Robert Goldberg, a clinical associate professor in finance and economics, also at Adelphi University, says the main downside is that “these plans encourage spending beyond one’s means.”

He concedes that there might be some situations where a consumer, short on cash, could benefit from these plans, but overall he wouldn’t recommend regularly using installment plans.

“I reviewed these plans with my freshman college students taking a personal finance course, and they agreed that it is better to delay the purchase, save the money and then decide whether the expenditure makes sense,” Goldberg says.
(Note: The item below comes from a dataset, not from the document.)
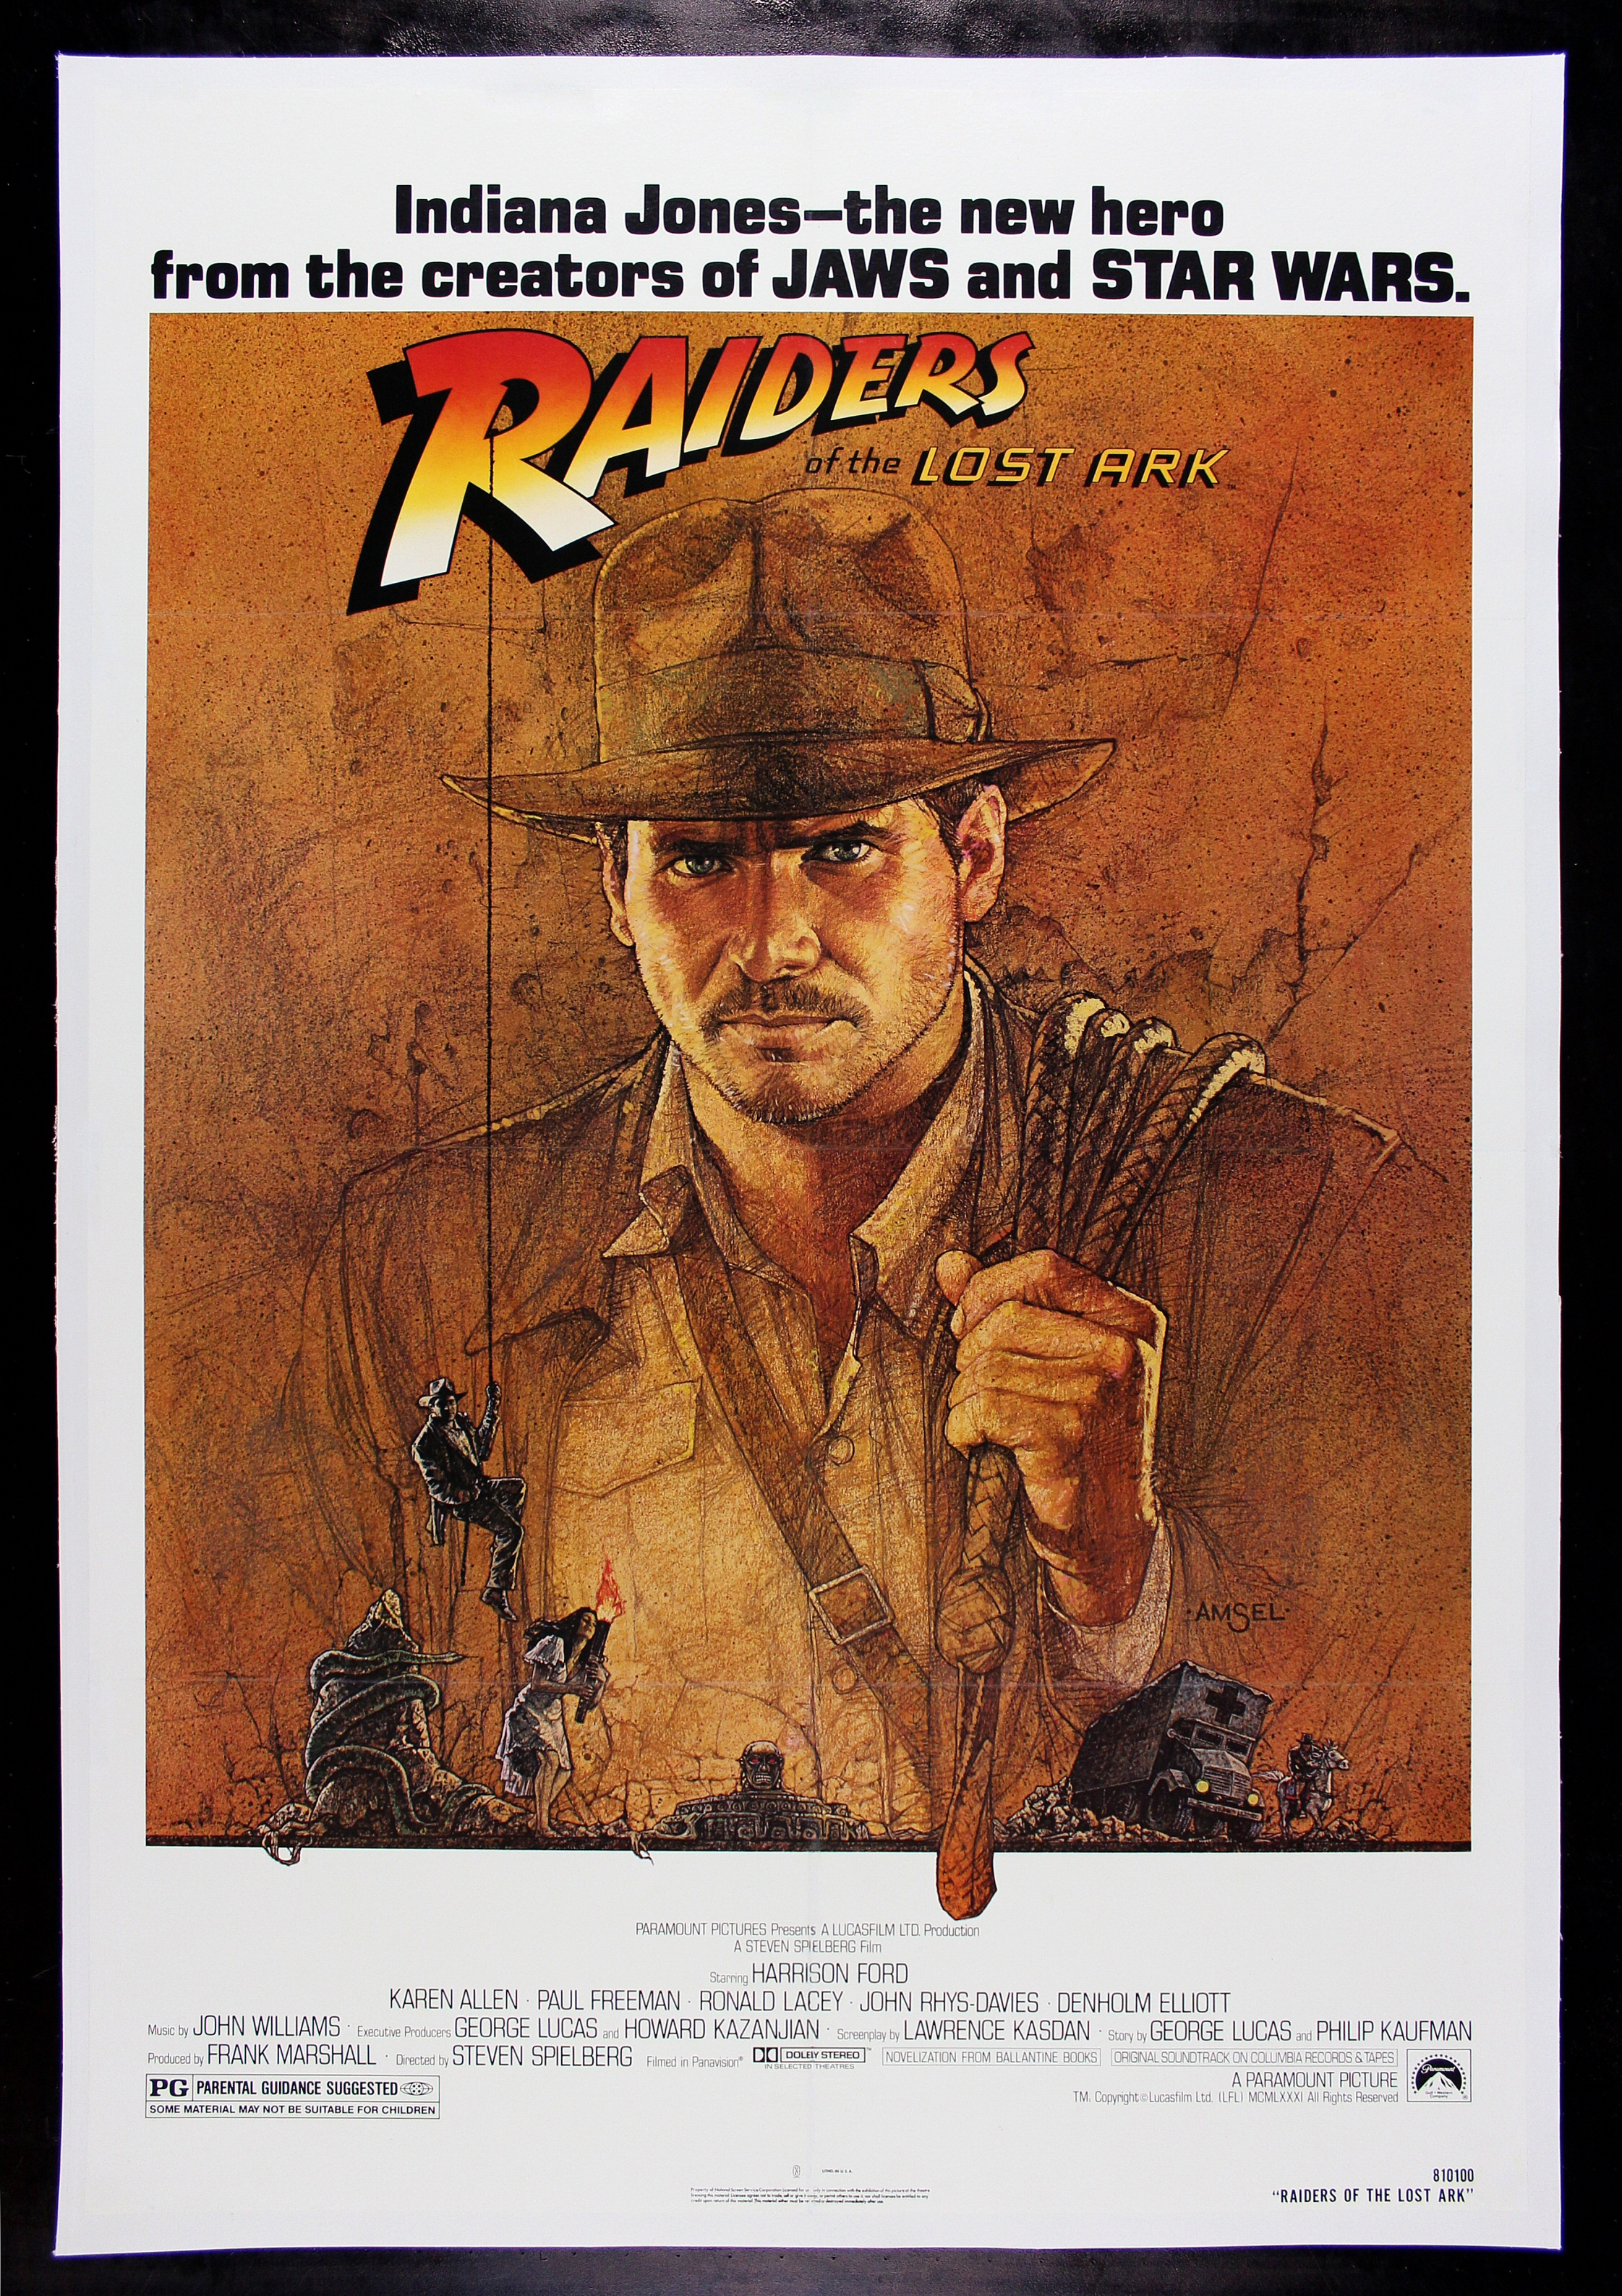 Analysis Of Indiana Jones And The Raiders
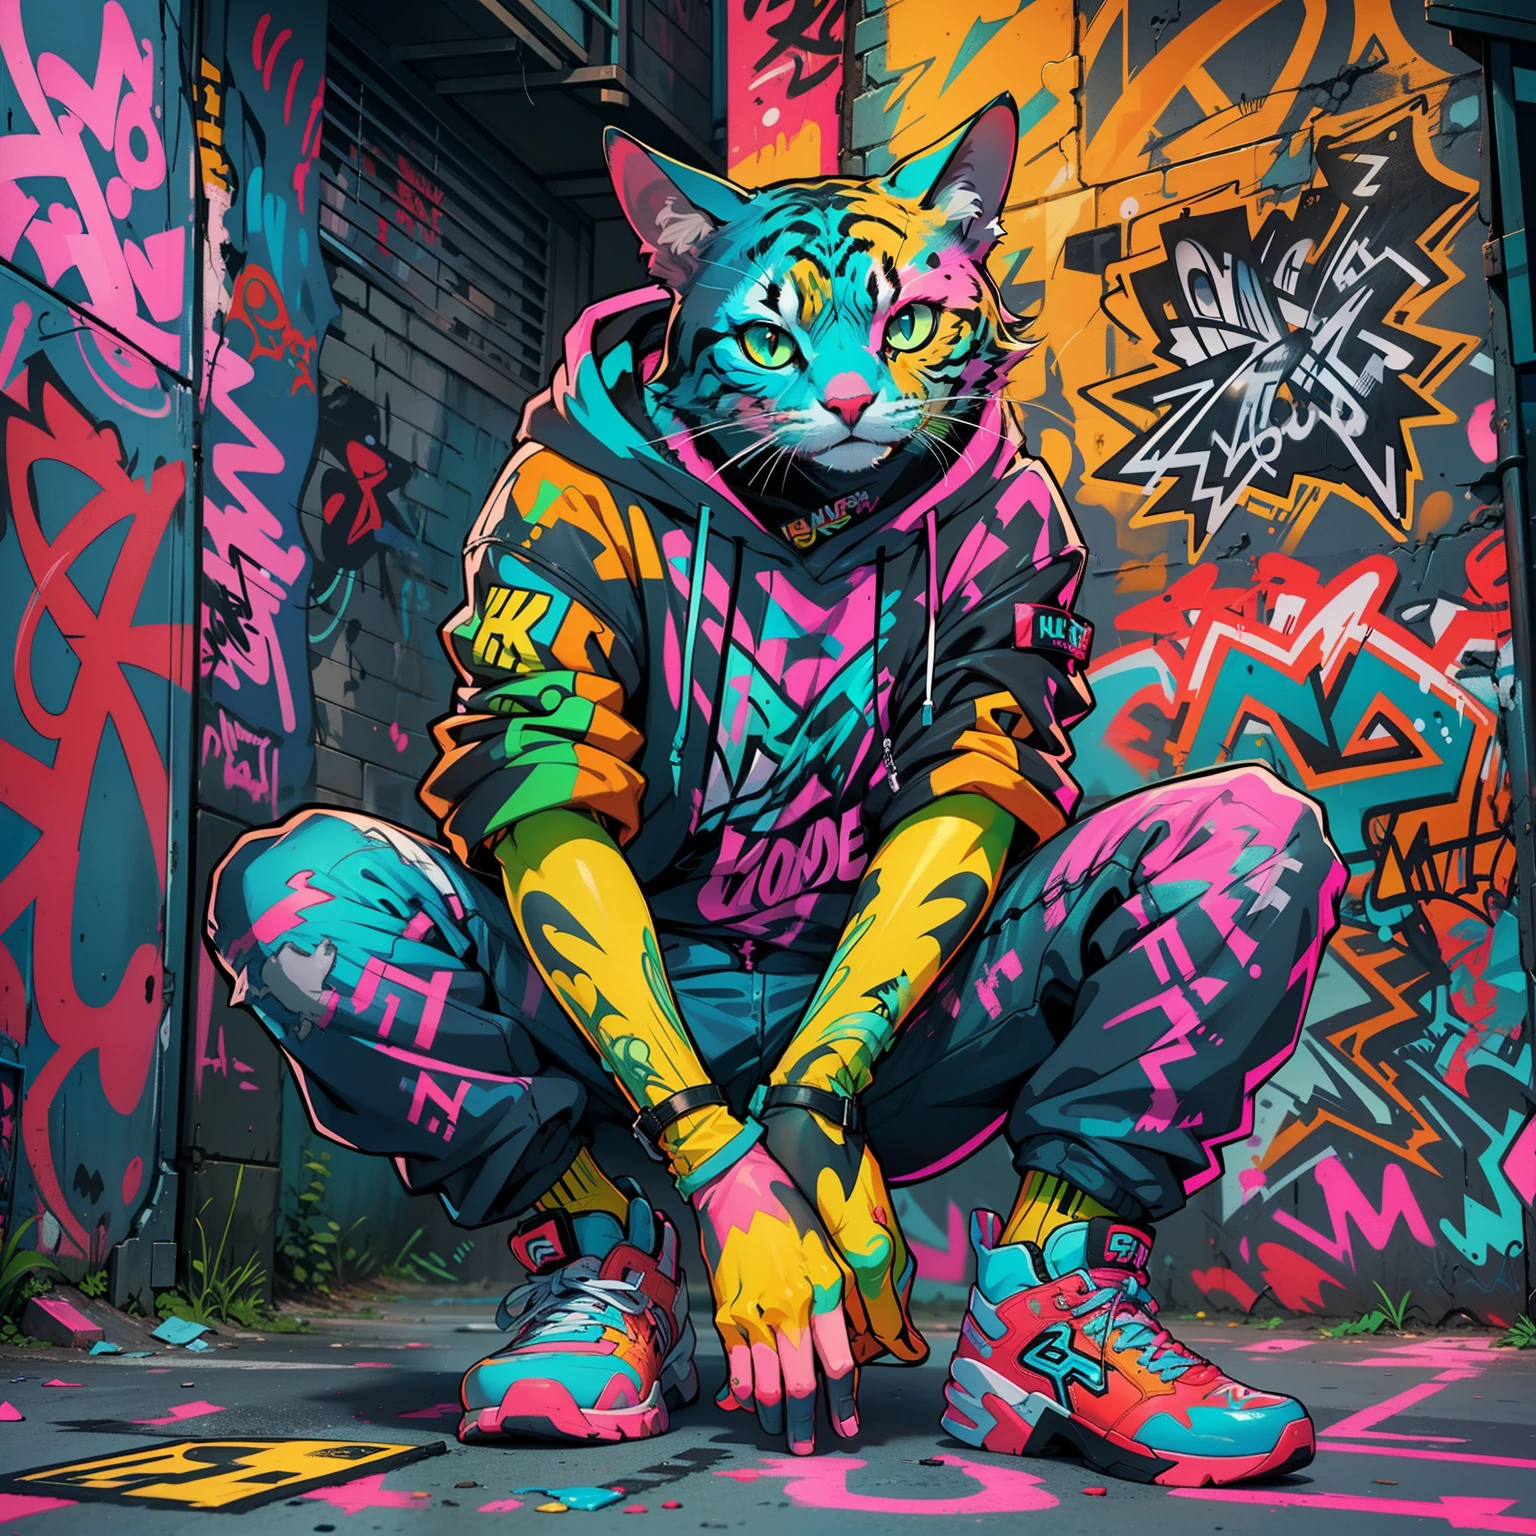 Neonfarbene Katze in Seitengasse、(super detail)、(8K)、((Hip-Hop-Mode))、(Graffiti-Wand)、(Ganzkörper Esbisch)、(hyperdetailliertes Gesicht)、(detaillierte Füße)、(Detaillierte Hand)、(Cooles Gesicht)、(Sitzen mit erhobenen Knien)、(Lege deine Arme auf die Knie)

Still, it really comes down to how badly you need the item you’re thinking of buying. If it’s something you feel you do need now, and you’re willing to pay in installments, it can beat a layaway plan – which generally has fees, and you’re often not able to get the item for weeks or months. It certainly beats taking out a payday loan to pay for the item. It is arguably a better way to make a purchase than putting the item on a credit card and carrying revolving debt – provided, of course, that you make the installment payments on time and aren’t late.

Paying later is not going to get you into financial trouble. Paying late will.

On the other hand, don’t forget Gupta’s warning that buy now, pay later installment plans mean that you’ll add another financial obligation to your short-term future. If the purchase is something that can wait, you probably should listen to Goldberg’s students.